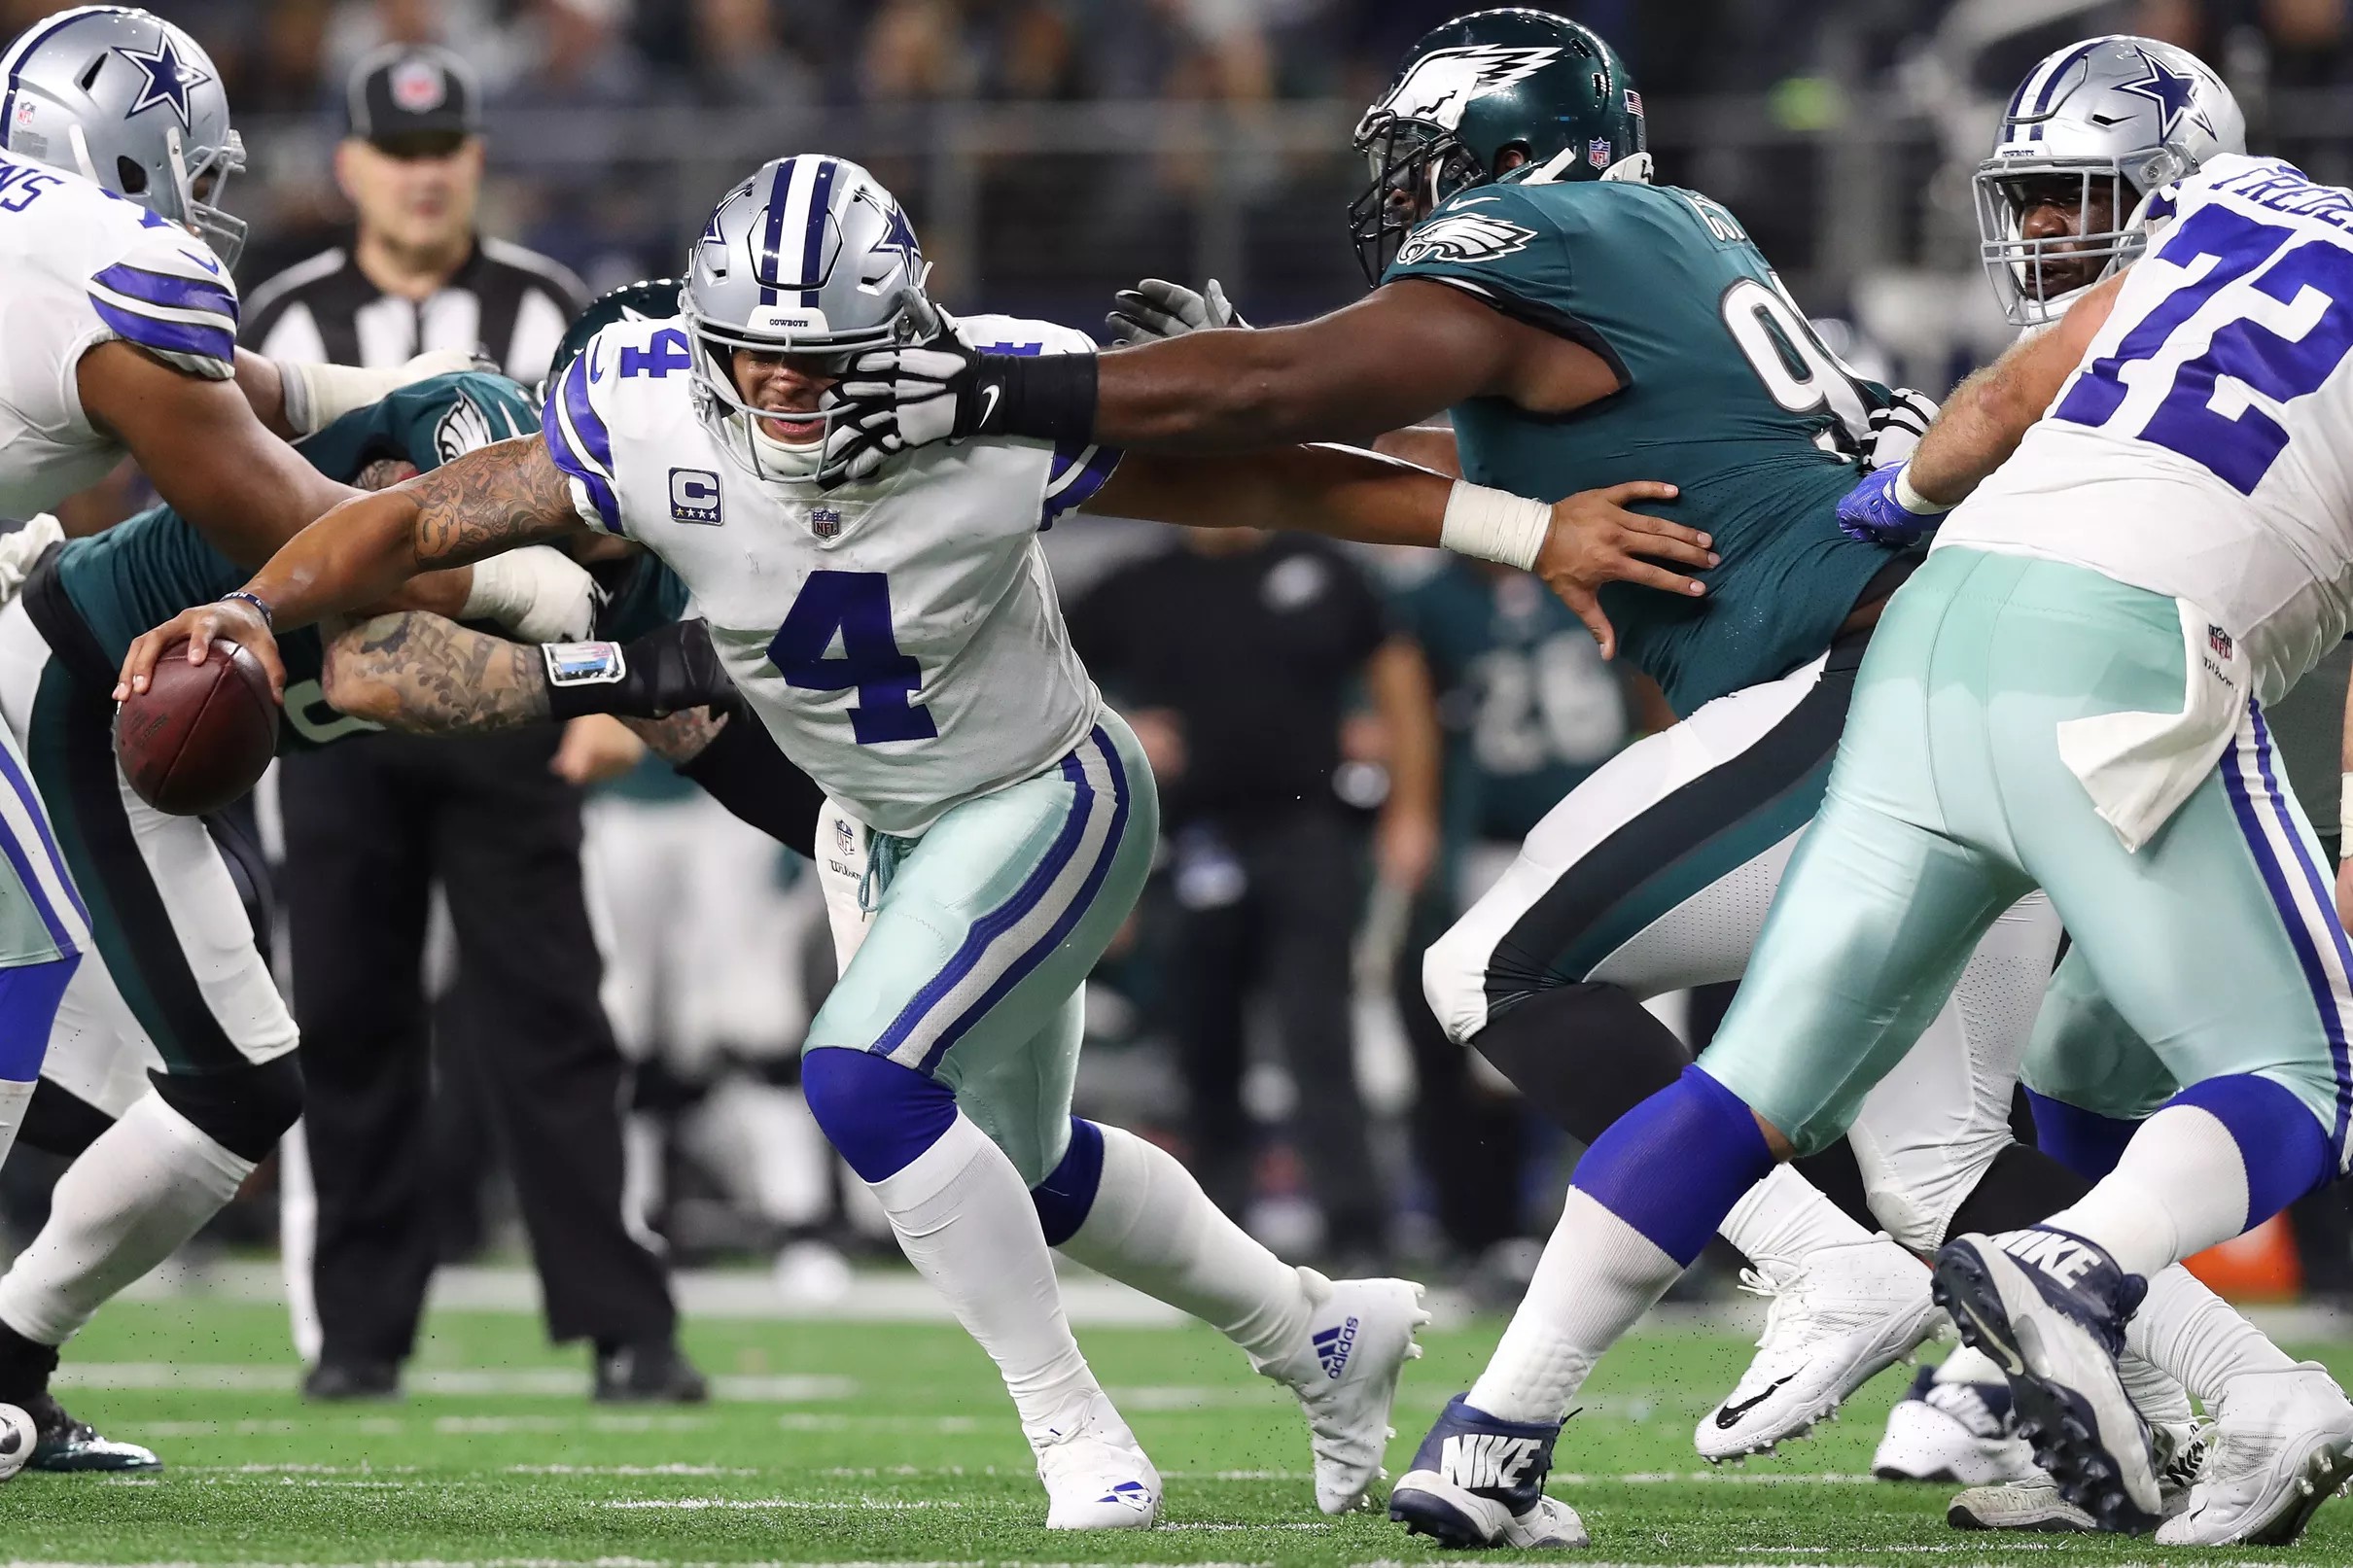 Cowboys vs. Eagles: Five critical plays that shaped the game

* * *

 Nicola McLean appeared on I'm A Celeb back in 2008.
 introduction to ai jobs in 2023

* _THE TASK_
Whatever else the listing above holds, retype exactly only the lines from the one containing "Nicola McLean appeared" to the one containing "introduction to ai jobs in 2023", both ends kept.

* _TASK RESULT_
 Nicola McLean appeared on I'm A Celeb back in 2008.
 introduction to ai jobs in 2023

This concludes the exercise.